Die Story wird aus 2 Blickwinkeln erzählt. Emma, damals. Jane, jetzt. Emma ist bereits tot, als Jane die Wohnung mietet. Wir erfahren über beide Frauen, wie und warum sie bereit waren, sich diesen Regeln für das Bewohnen dieses Hauses zu unterwerfen und dann tatsächlich in diese exklusive Residenz einziehen. Aus beiden Sichten wird abwechselnd erzählt.  Zunächst sieht das ganze recht absehbar aus. Beide Frauen machen ähnliche Erfahrungen mit dem Architekten des Hauses. Sie erleben ähnliche Situationen. Aber nach und nach entfernen sich ihre Erfahrungen. Das Buch entwickelt sich stetig in eine andere Richtung als man vielleicht erwartet. Die Erzählerinnen  sind doch sehr unterschiedlicher als man zuerst dachte. Ich war zunehmend fasziniert, obwohl über weite Teile nicht wirklich viel passiert. Es ist mehr das unterschwellige. Zuerst fesselt die Darstellung der beiden Frauen, wie sie bestimmte Sachen mit dem faszinierenden Architekten Edward erleben. Dann gehen die Beschreibungen langsam auseinander und nehmen eigene, ungeahnte Wege

 

Dieser Krimi/Thriller ist wirklich sehr speziell. Es ist einerseits sehr glattpoliert und schnörkellos.

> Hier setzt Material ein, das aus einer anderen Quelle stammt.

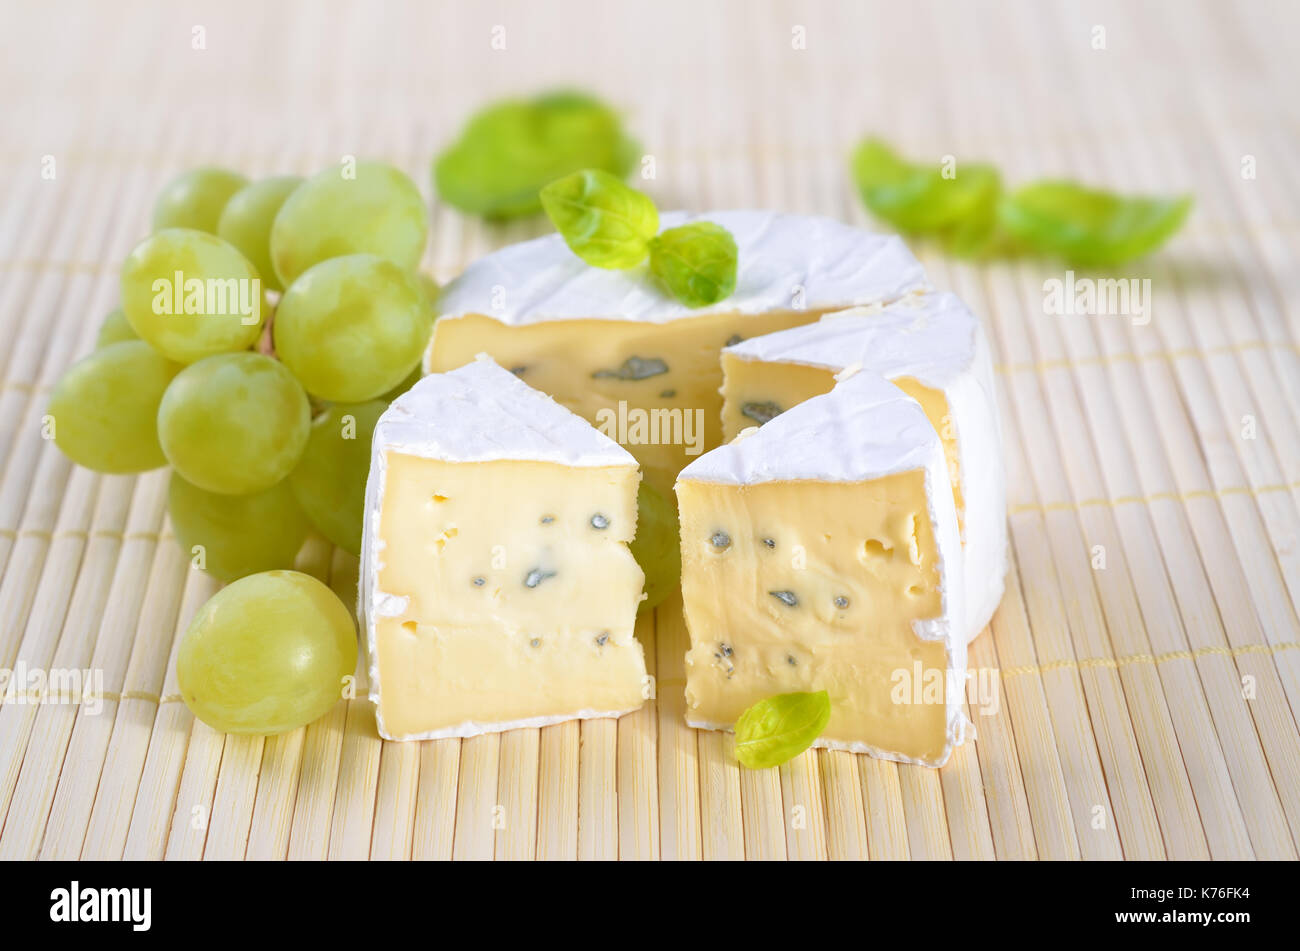 French Camembert soft cheese with grapes and marjorjam on an wooden placemat Stock Photo
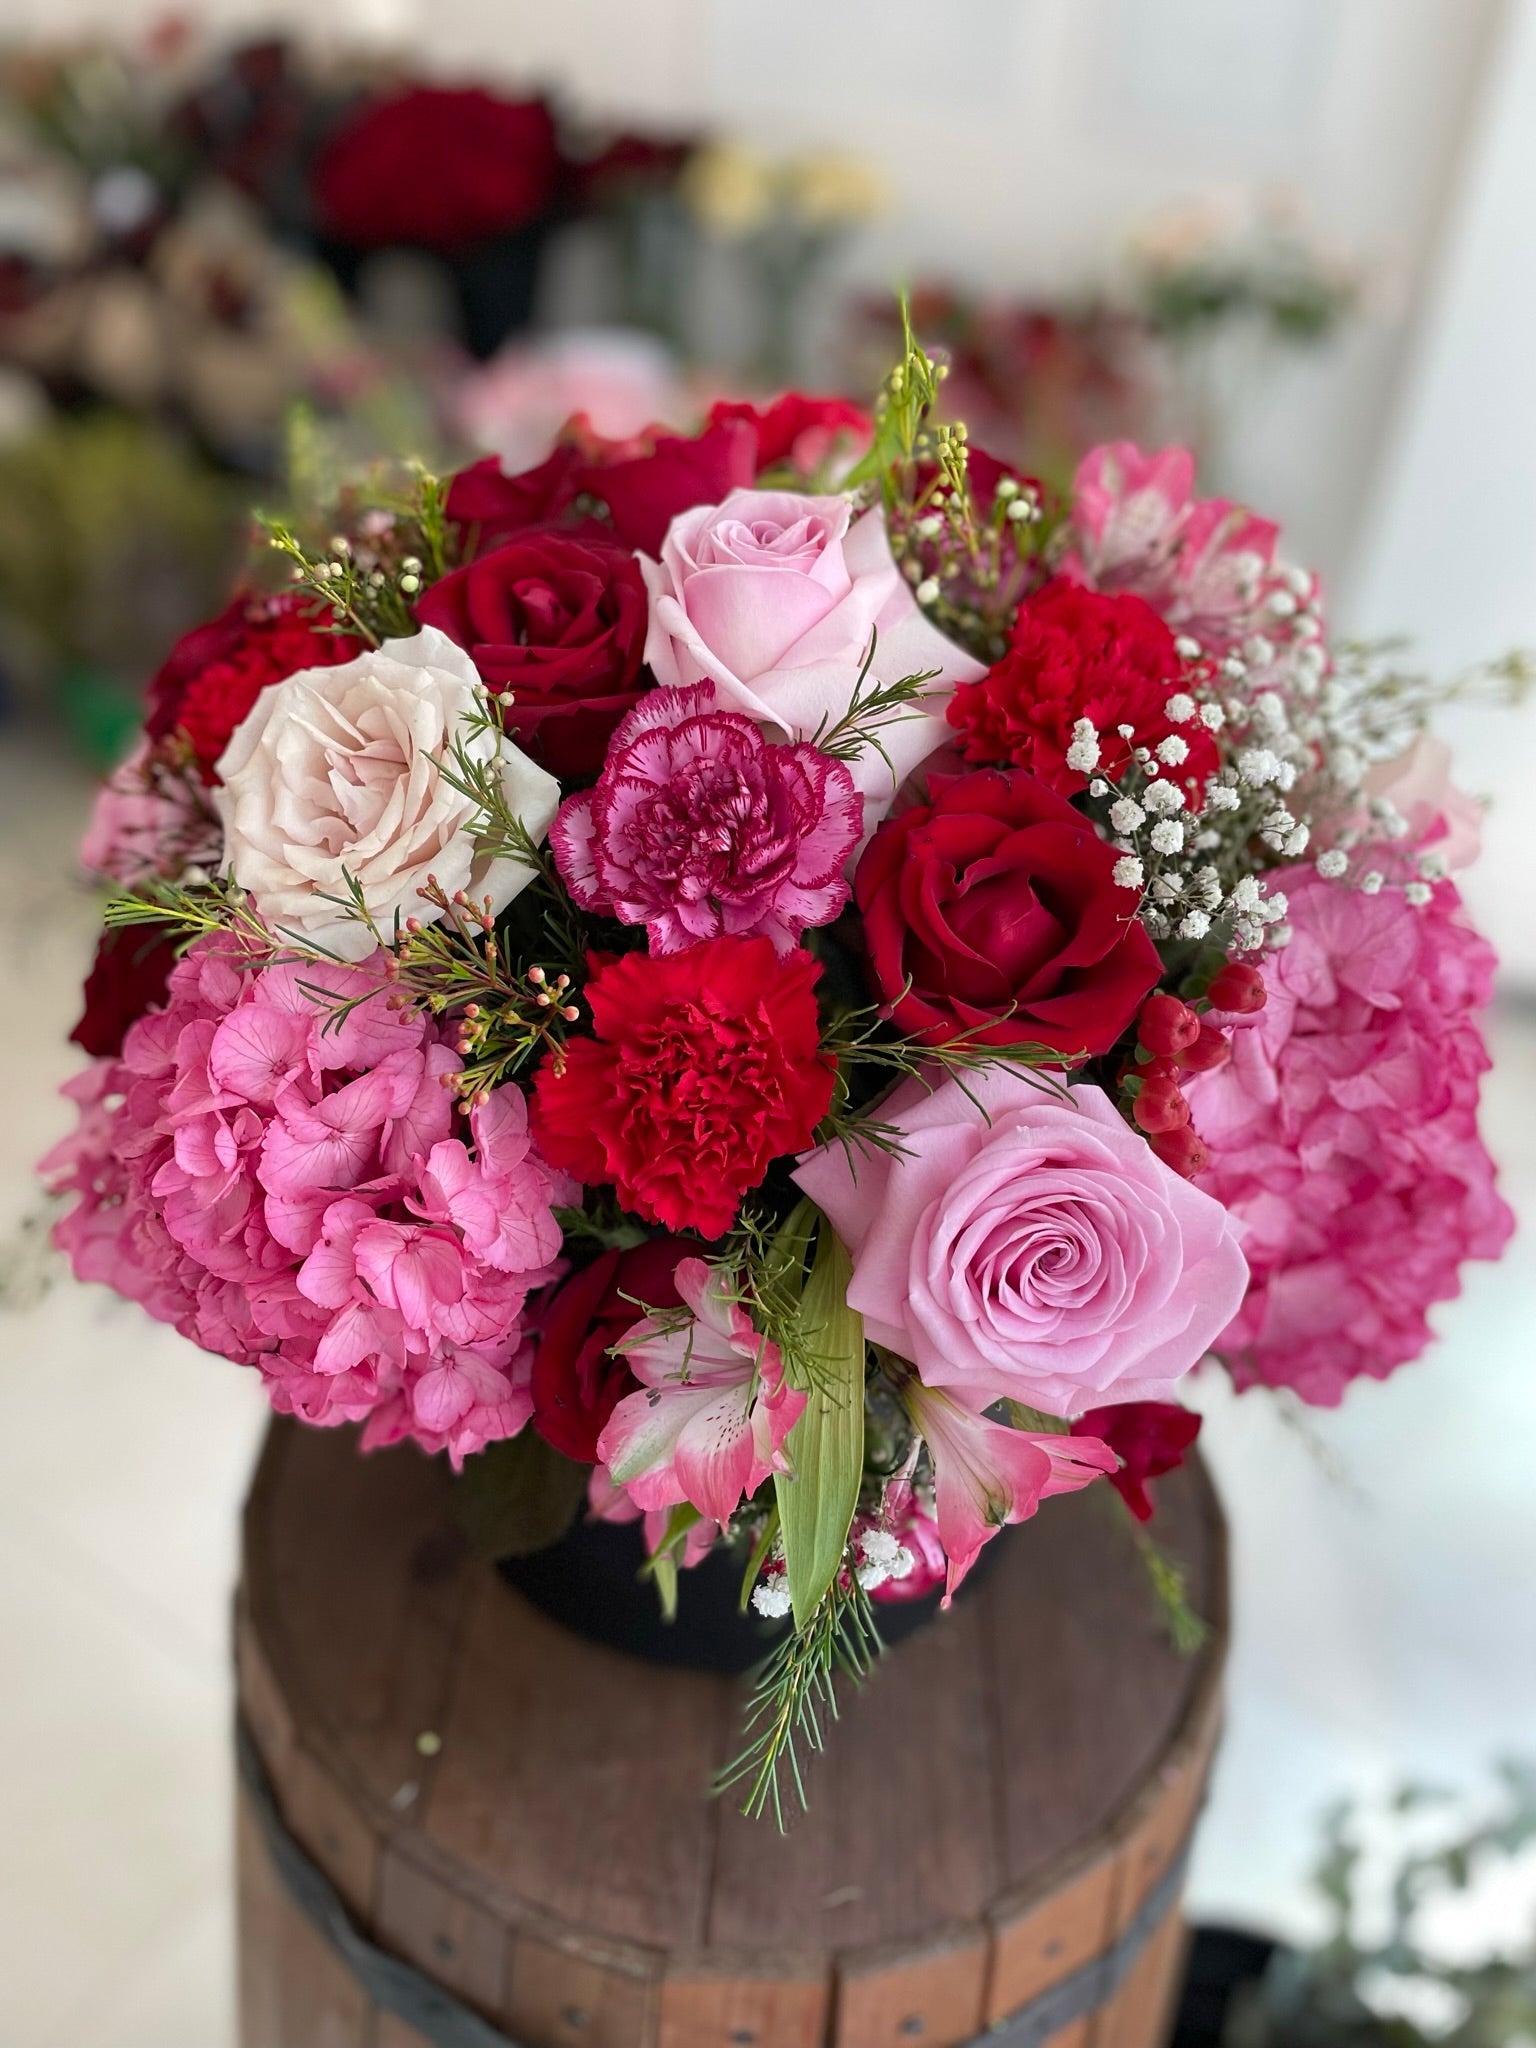 Mixed red, pink and white flowers

Zugleich aber  handelt er sehr spezifische Themen ab und man sollte nicht alles glauben, was die beiden Frauenfiguren erzählen. Ich habe, glaube ich, noch nie ein derart konstruiertes Buch gelesen. Alleine deshalb hebt sich dieses Buch vom Mainstream ab. Hier darf man nichts glauben. Zugleich muss man die unglaubliche Ausganglage akzeptieren. Wenn man das so annimmt wird man mit einem ungewöhnlich gestrickten Thriller belohnt. Mich hat dieses Buch sehr beschäftigt. Wenn ich die Zeit gehabt hätte, hätte ich es in einem Rutsch durchgelesen. Es flutscht nur  so dahin. Die Themen, die es behandelt, sind durchaus tiefsinnig. Ich bewundere auch die Kunstfertigkeit des Autors. Ihm gelingt es auf einer Seite in wenigen, präzisen Worten, die Gefühle einer Mutter über eine Totgeburt zu beschreiben, die mir die Tränen in die Augen trieben. Im Weiteren schreibt er dann einen ungewöhnlichen, komplexen und doch aalglatten Krimi. Dieses Buch ist ein faszinierender Zwitter. Eiskalt, schnörkellos, auf den Punkt gebracht und doch irgendwie trivial. Mir hat es extrem gut gefallen. Das mag nicht für jeden funktionieren. Ich fand es hervorragend.